Nadie es bueno salvo Dios. Ya conoces los mandamientos: no cometas adulterio, no mates, no robes, no levantes falso testimonio, no defraudes, honra a tu padre y a tu madre. Entonces, le dijo: Maestro, todo esto lo he guardado desde mi juventud. Al escuchar aquello, Jesús le miró y sintió amor hacia él pero le dijo: te falta una cosa: anda, vende todo lo que tienes, y dalo a los pobres, y tendrás un tesoro en el cielo; y ven, sígueme, tomando tu cruz. Sin embargo, el muchacho, profundamente apenado por lo que acababa de decir Jesús, se marchó muy triste porque tenía muchas posesiones. Entonces Jesús, mirando en torno suyo, nos dijo: ¡Qué difícilmente entrarán en el reino de Dios los que tienen riquezas!
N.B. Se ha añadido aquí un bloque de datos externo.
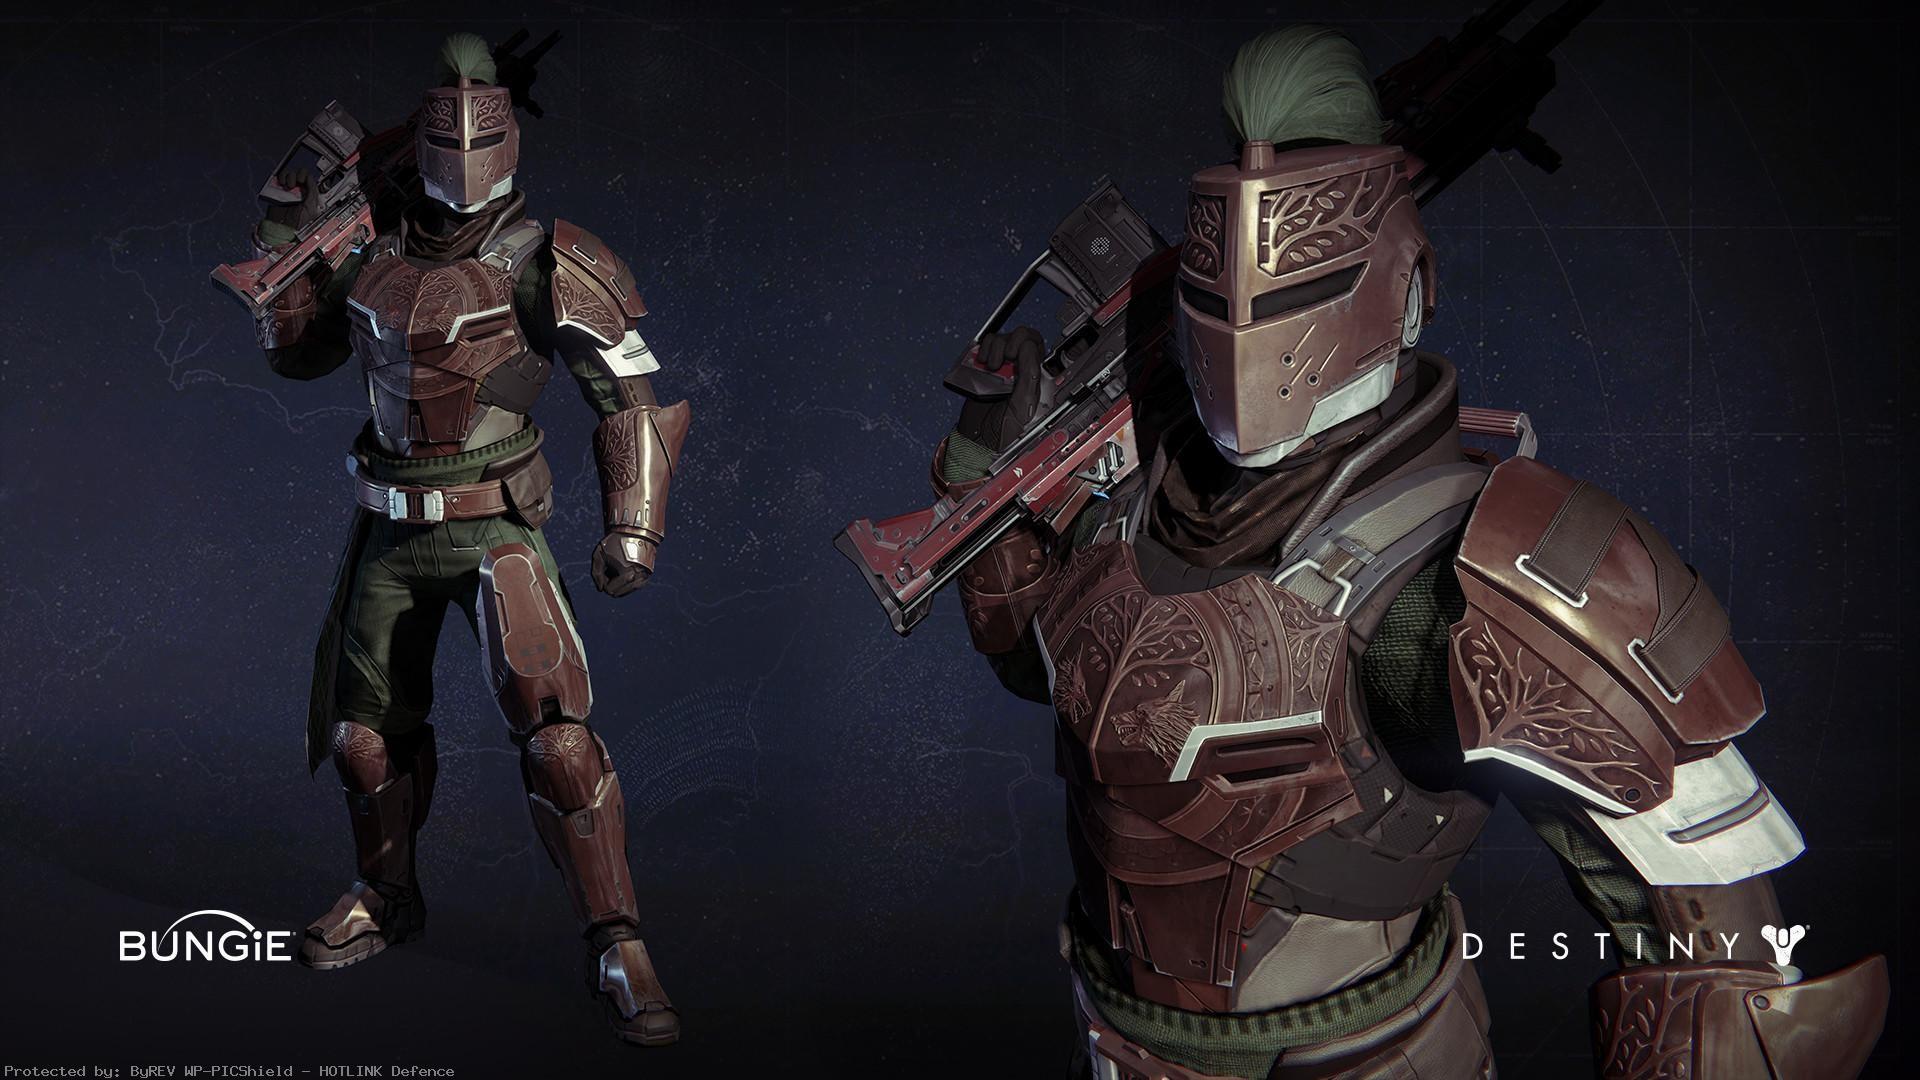 ArtStation-Destiny-Titan-Iron-Banner-Armor-James-Yavorsky-

Nos quedamos asombrados al escuchar aquellas palabras pero Jesús volvió a decirnos: Hijos, ¡qué difícil les resulta entrar en el reino de Dios a aquellos que ponen su confianza en las riquezas! Es más fácil para un camello entrar por el ojo de una aguja que para un rico entrar en el reino de Dios. No nos habíamos repuesto de la sorpresa que aquellas palabras nos habían causado cuando Jesús añadió: Sabéis que los gobernantes de las naciones se enseñorean de ellas y que sus grandes ejercen su potestad sobre ellas. Sin embargo, entre vosotros no debe ser así, sino que el que quiera ser grande entre vosotros deberá ser vuestro servidor y el que de entre vosotros quiera ser el primero deberá ser el servidor de todos porque el Hijo del Hombre no vino para que le sirvieran sino para servir y para dar su vida en rescate por muchos.

Concluyó Petrós la última frase y quedó callado. Era como si hubiera terminado una brillante pieza oratoria y el añadido de una sola palabra hubiera podido estropear lastimosamente lo que acababa de decir. Nerón podía empeñarse en que el viejo pescador dijera lo que él deseaba pero a esas alturas debía haberse dado cuenta de que de los labios de aquel hombre sólo saldrían las palabras que él considerara pertinentes. Su relato no era una aburrida sucesión de conceptos e ideas y frases. Más bien consistía en jirones de la vida misma, de su propia existencia, entretejidos con la presencia de aquel al que consideraban Jristós o Hijo del Hombre o Hijo del único Dios, un personaje que no estaba interesado en obtener riquezas ni en mandar, que incluso se empeñaba en que el mejor no era el que tenía a todos sometidos a su potestad sino el que a todos los servía. No eran aquellas palabras para alegrar precisamente a Nerón. No me extraña que decidiera suspender en ese mismo momento la instrucción hasta el día siguiente.